One thing though, I must admit I'm a little disappointed that she doesn't play many from her new (and perhaps best) album See You On The Moon but I guess for older fans she plays plenty of old favourites and treats us to several new songs including one she had never played in front of an audience before. It one point she tells us she has strayed so far off her setlist she's decided to abandon it completely and calls for requests. That kind of spontaneity is rare and refreshing.
For some crazy reason it's taken me a long time to really appreciate Tift, seeing her live a couple of years back certainly helped, for one thing it made me realise just how great her voice is. Lately though I've been admiring her songwriting, she's definitely as good as the likes of Ryan Adams even though she's not recognised very often as his equal. Tonight also reveals to me just what a great performer she is, moving in time with her guitar and making full use of the stage between verses, while her voice and expression uncovers someone who is feeling every lyric. There are great renditions of should-be classics like Morning Is My Destination, Stray Paper and Good Hearted Man (the latter performed on the piano, Tift standing and tapping her red-booted foot throughout) but the best moment of the night comes with an audience request, the moving Laid A Highway, with lyrics, mood and emotion worthy of Springsteen at his most tender. There's also a great moment when she takes out her own Googled lyrics, fulfilling a request from the other night when she was supporting Gregg Allman at the Barbican, maybe one of her best songs, Trouble Over Me. She says Allman told her she had a sailor's handshake, "which I took to mean I'm alright" she laughs.

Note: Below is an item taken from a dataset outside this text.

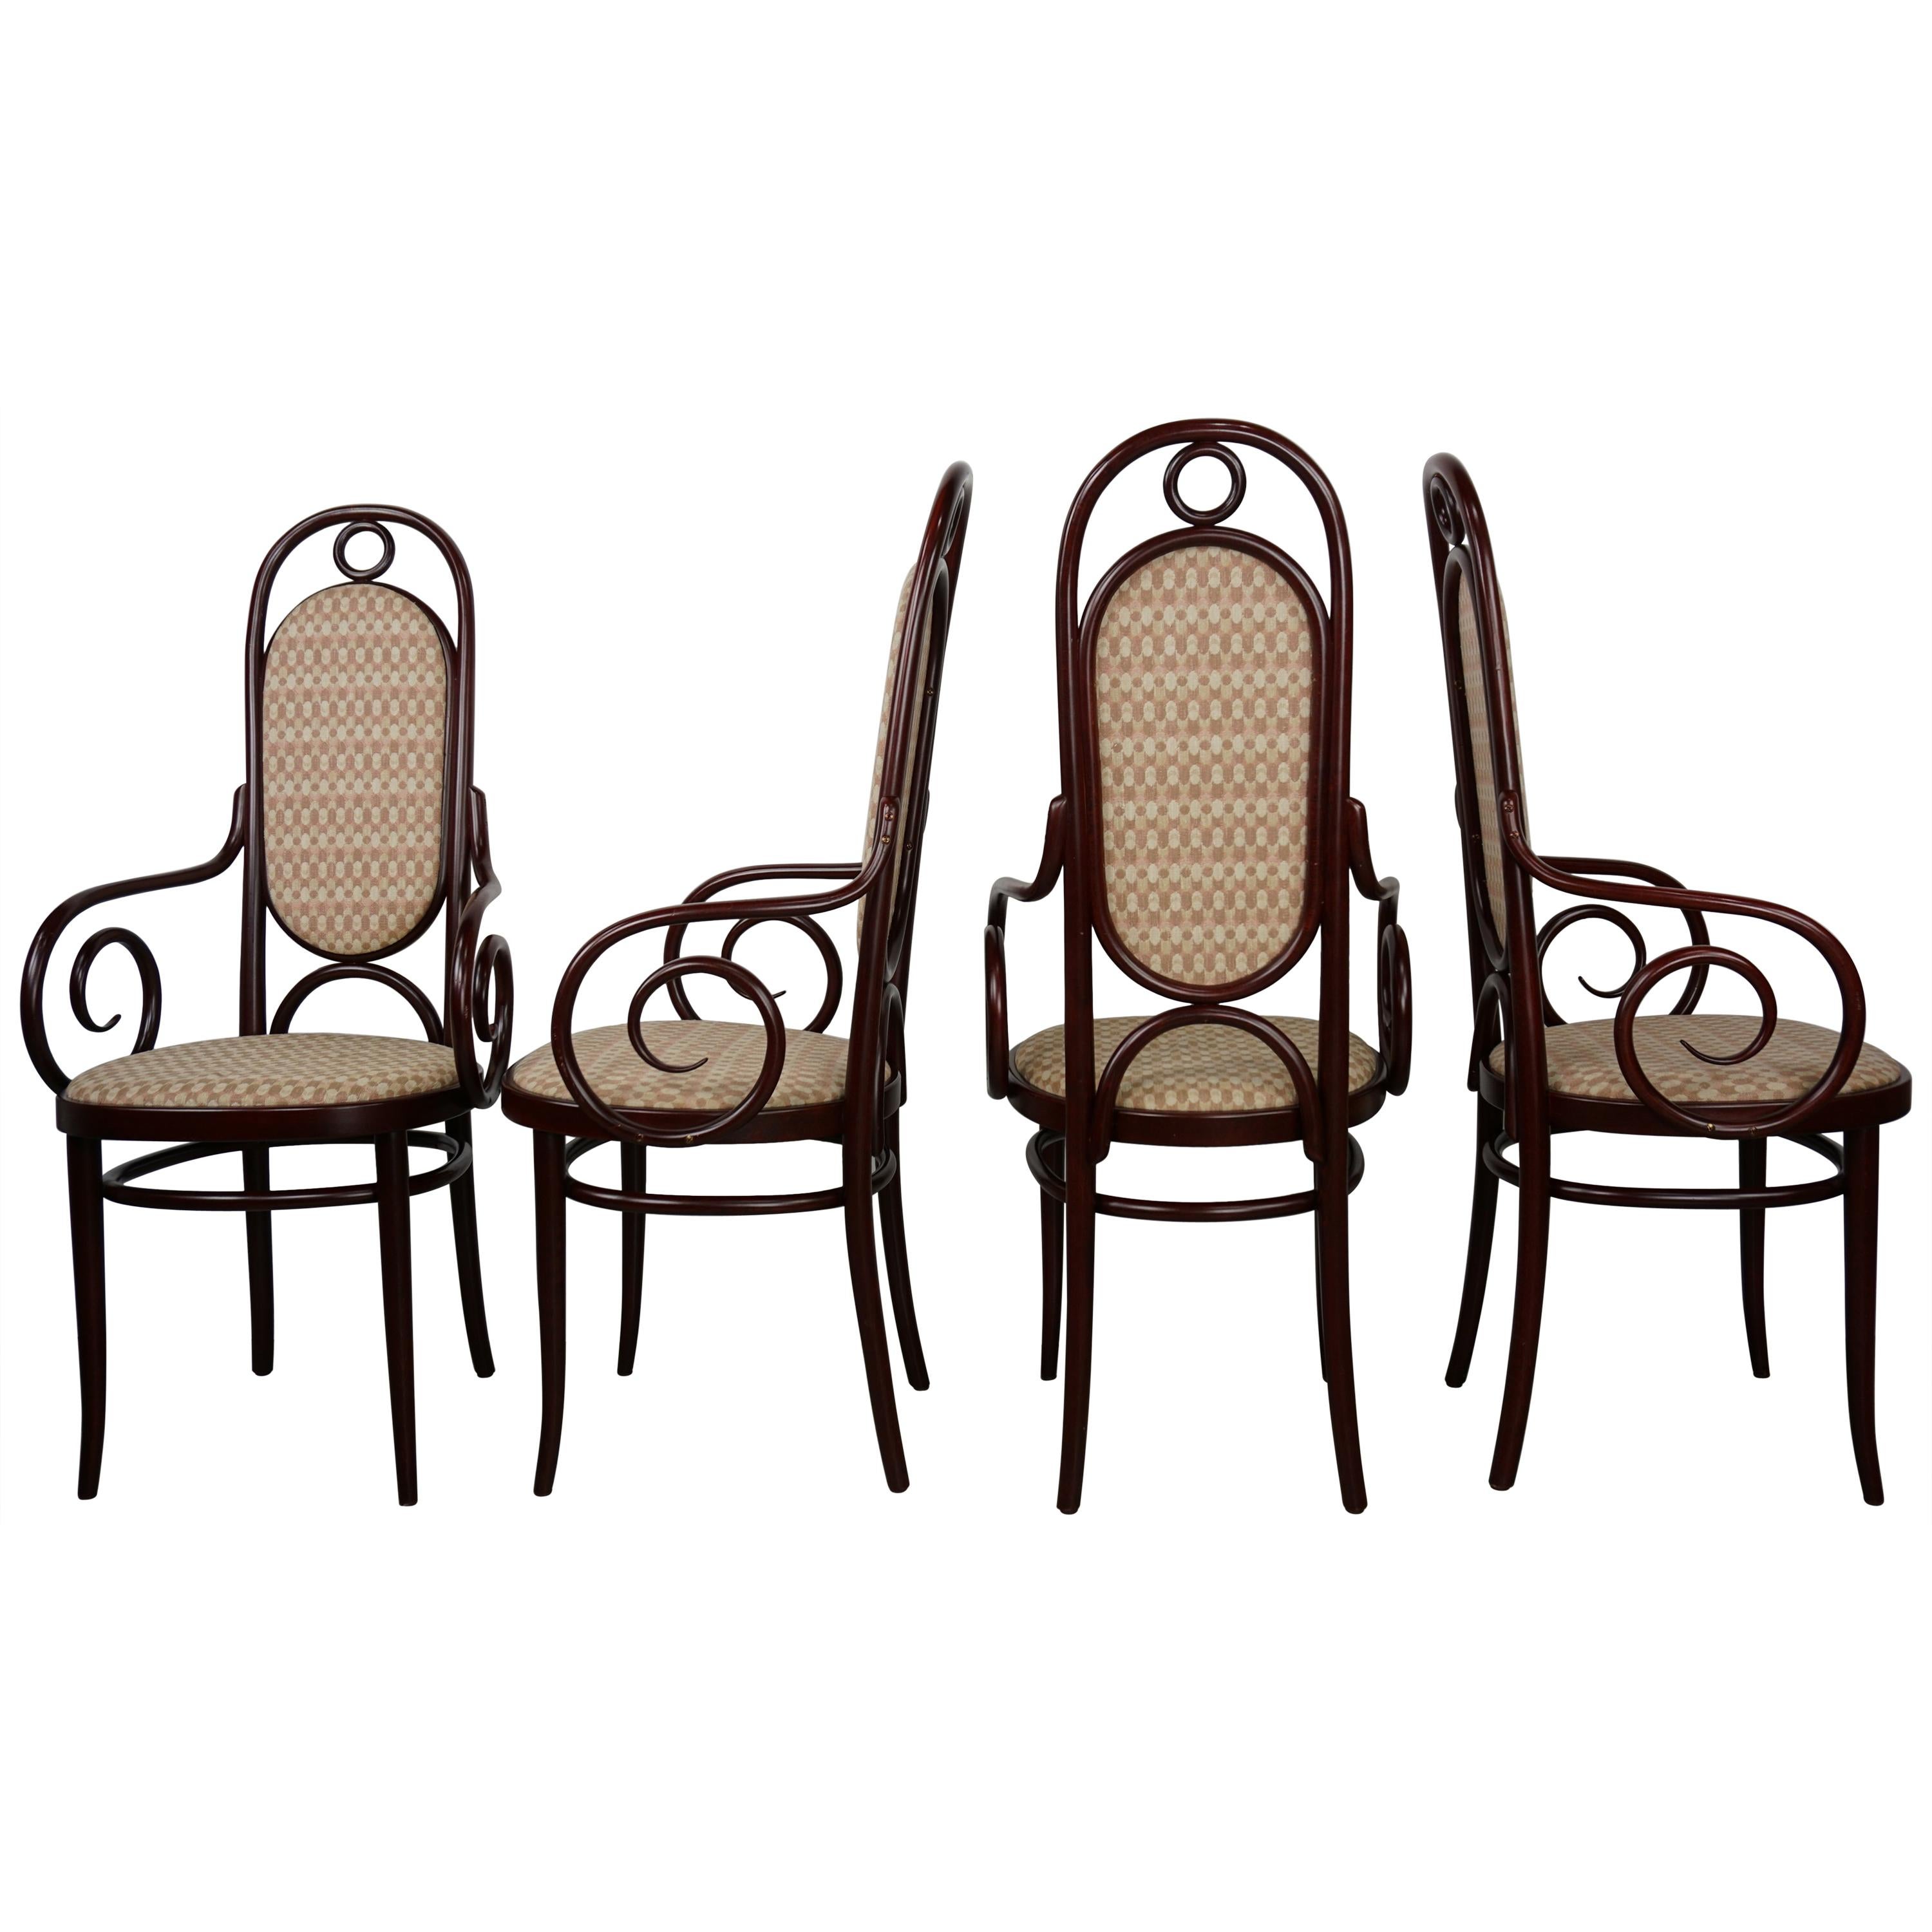 Set of 4 Thonet Bentwood Armchairs N°17

At the end of the show she reveals that next year will be the anniversary of her first ever London show, played right on this very stage. In some ways it's a nice moment but in others you wonder just why Tift hasn't made it to bigger venues, she's certainly beautiful and talented enough. Still, given how good her last album was maybe it could still happen for her and the last song, Virginia, No One Can Warn You, certainly sounds like the performance of a star.
As for the support act, after seeing him open for Emmylou Harris last month I was pleased to see Simon Lynge in a more intimate venue this time, although his stories of growing up in Greenland were the same. Still he was warm and funny and his songs are catchy and enjoyable. Plus his cover of Otis Redding's Sitting On The Dock Of The Bay is a joy, surprising given how many times that song has been covered, yet he manages to make it fresh and fun. I certainly wouldn't mind catching Lynge again.